The thought crossed Klopp’s mind when Barcelona came calling again in January. “It was always clear when Phil didn’t play we had to do the job differently, to put responsibility on different shoulders and spread it between the players,” he said two months ago. To sell Coutinho was to remove the safety net, and to not directly replace him was to trust the squad to step up without him. A problem shared is a problem halved, and the gamble has certainly paid off.
When Liverpool face Real Madrid in the Champions League on Saturday, there will be no such over-reliance. Salah will be expected to score, but Firmino will be required to create, Virgil van Dijk must marshal and organise the defence, and the midfield needs to press, harry and provide a suitable platform for success. Liverpool must be greater than the sum of their already wonderful parts to emerge from Kiev with a sixth European Cup.

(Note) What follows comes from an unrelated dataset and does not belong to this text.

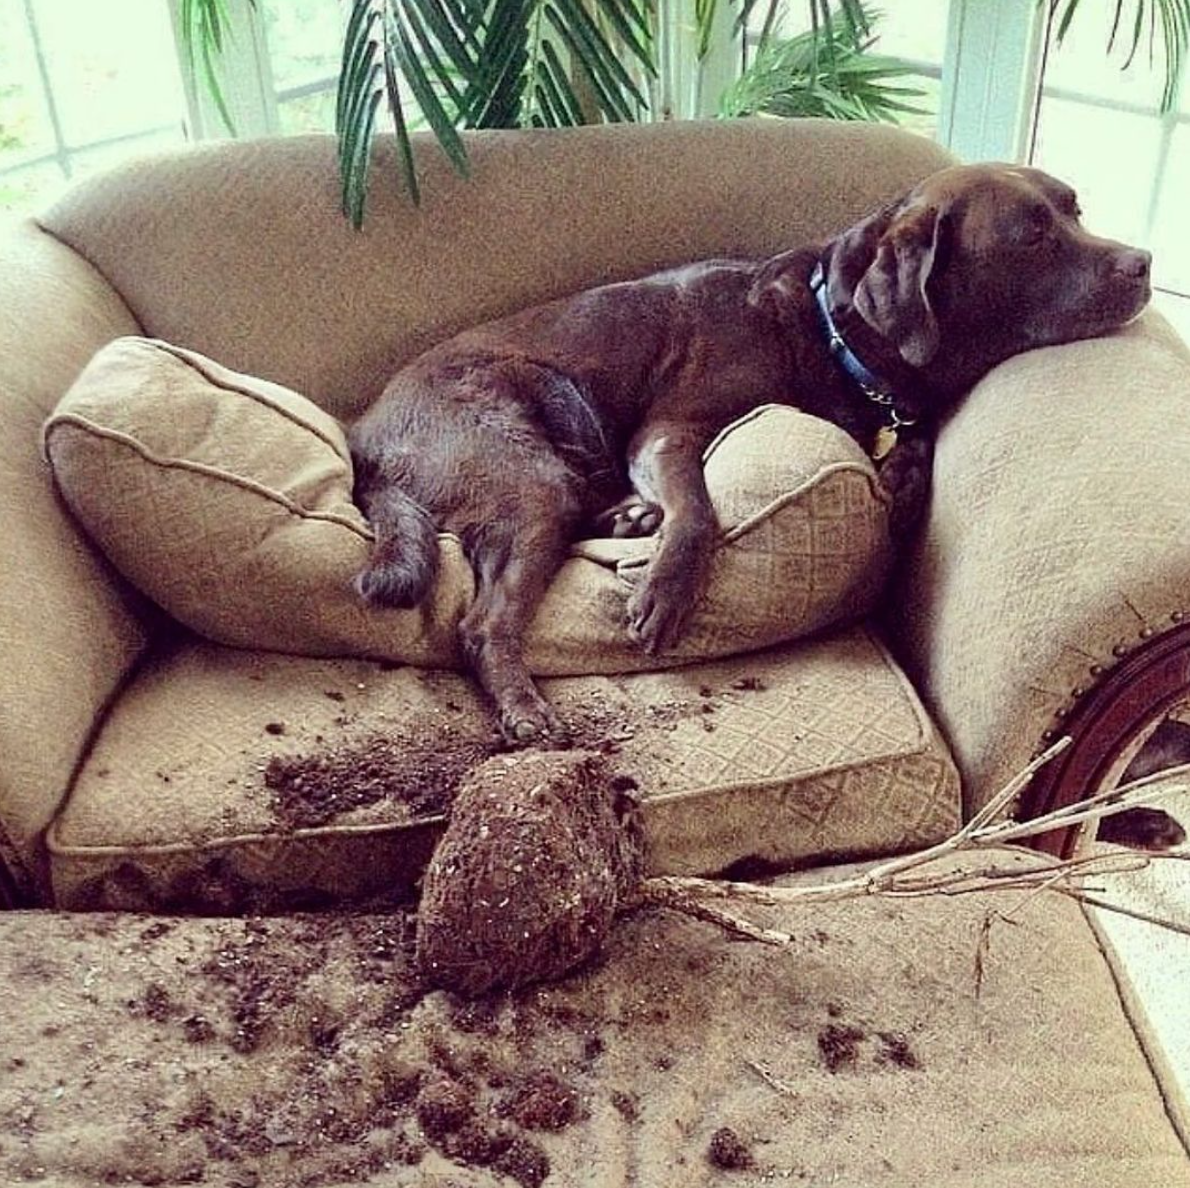 misbehaving-dog-destroys-plant

In Salah, Firmino and Sadio Mane, they have players that can change the course of any game. But beyond the front three, there is no such catalyst. If Real nullify the Champions League’s most potent forward line – and that is considerably easier said than done – who will assume the “responsibility”? The excellent Jordan Henderson has improved his forward passing immeasurably, but is still limited. The wonderful James Milner has slotted seamlessly back into midfield, but is still limited. Georginio Wijnaldum remains criminally underrated, but is still limited. Each has an obvious ceiling and are already banging their heads.
It has been far from a problem in Europe up to now. Porto, Manchester City and Roma were all swept aside in exhilarating 30-minute spells en route to the final. But there will be no Anfield effect in Kiev, and Real are expected to prove a much more resolute opponent. Who will pick the lock if Salah, Firmino and Mane cannot break down the door?
The absence of Alex Oxlade-Chamberlain and continued struggles of Adam Lallana only compound the problem. The pair are less consistent than Henderson, less reliable than Milner or Wijnaldum, but more capable of turning a game through individual brilliance. Liverpool have played two cup finals since 2012, scoring two goals; Coutinho scored one and assisted the other.
“On a good day it makes you more unpredictable if you don’t have this dominant player,” Klopp said of Coutinho two months ago. “But on another day you miss a player like that.” Liverpool have managed not only to cope but to adapt and evolve without their “dominant player”; they must hope “another day” does not come this weekend.